I want to ask about the bureaucracy aspect. I have never written a science grant application, but expect that some of it comes about because the applications want to ensure good governance around the proposals. Do you agree? For the fluff that genuinely has no productive value, do you have any explanation for why it is there?

Could LLM participation be blowing holes in good-governance measures that were only weakly effective, and therefore a good thing in the long-term? Could the rise in the practice drive grants arrangements to better governance?

Majromax|7 months ago

> The solution shouldn't be then to fill them with LLMs but strip them entirely away.

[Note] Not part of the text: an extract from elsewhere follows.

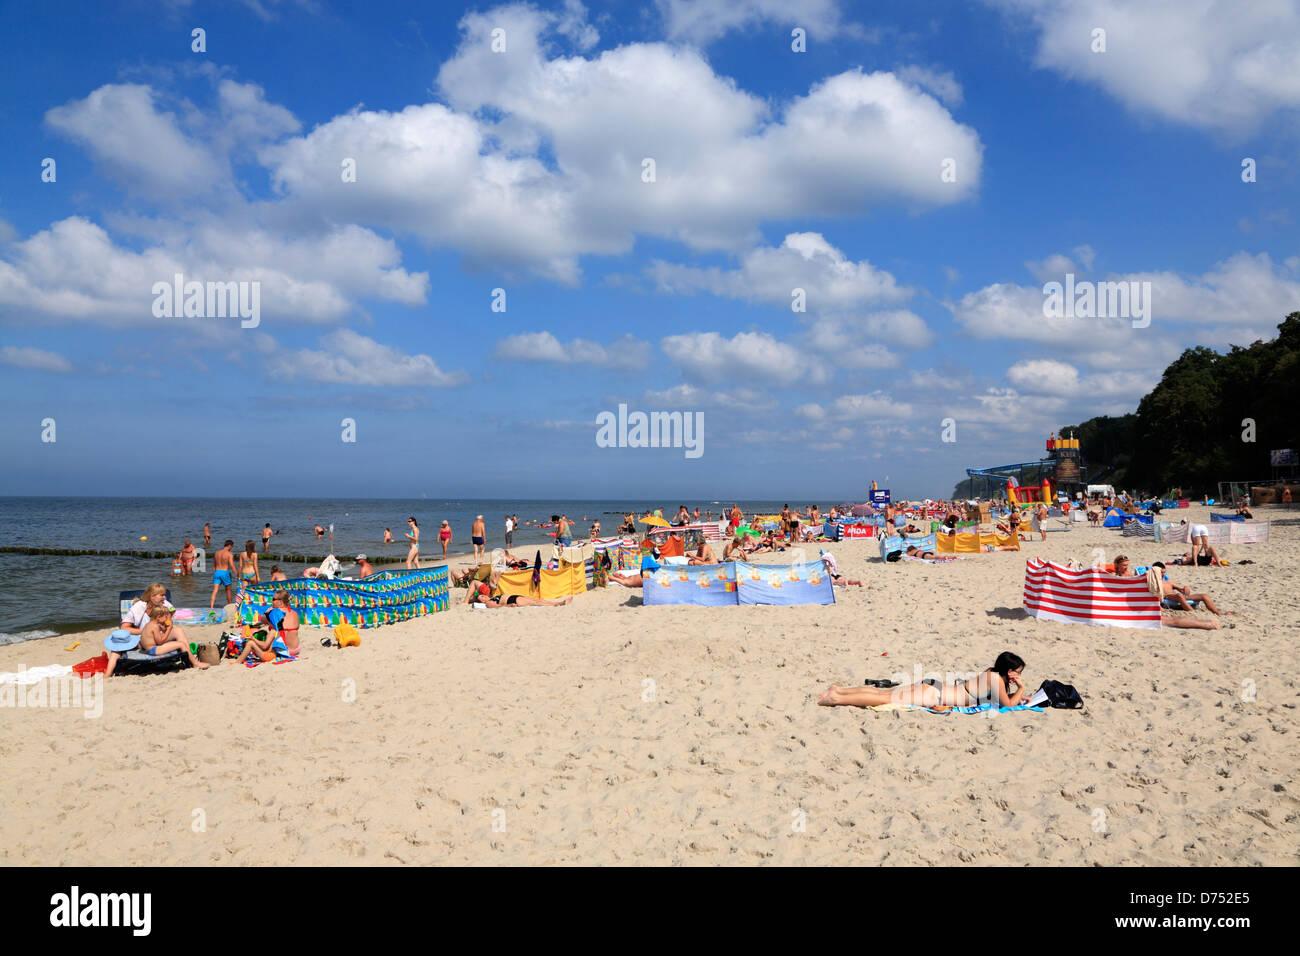 baltic sea stockfotos baltic sea bilder alamy. Black Bedroom Furniture Sets. Home Design Ideas

You don't need language models to identify useless processes. The problem, however, is that people tend to be more comfortable with a process that exists whose product is ignored rather than no process at all.

For example, in the case of the grants here it's easier to imagine giving money to someone with a Gantt chart – even if that chart will never really represent reality – rather than someone who says 'trust us to use the money effectively.'

For an alternative view, a lot of the information supplied in such processes isn't related to the happy path, but rather it creates a paper trail for blame when things go wrong.

> I tend to think the same about everyone freaking out about LLM misuse in education.

The difference for education is that students need to practice, so the repetition is the point. The AI might ultimately be better at writing the book report, particularly compared to a student in 6th grade, but there's few other ways to train skills of reading comprehension and analysis.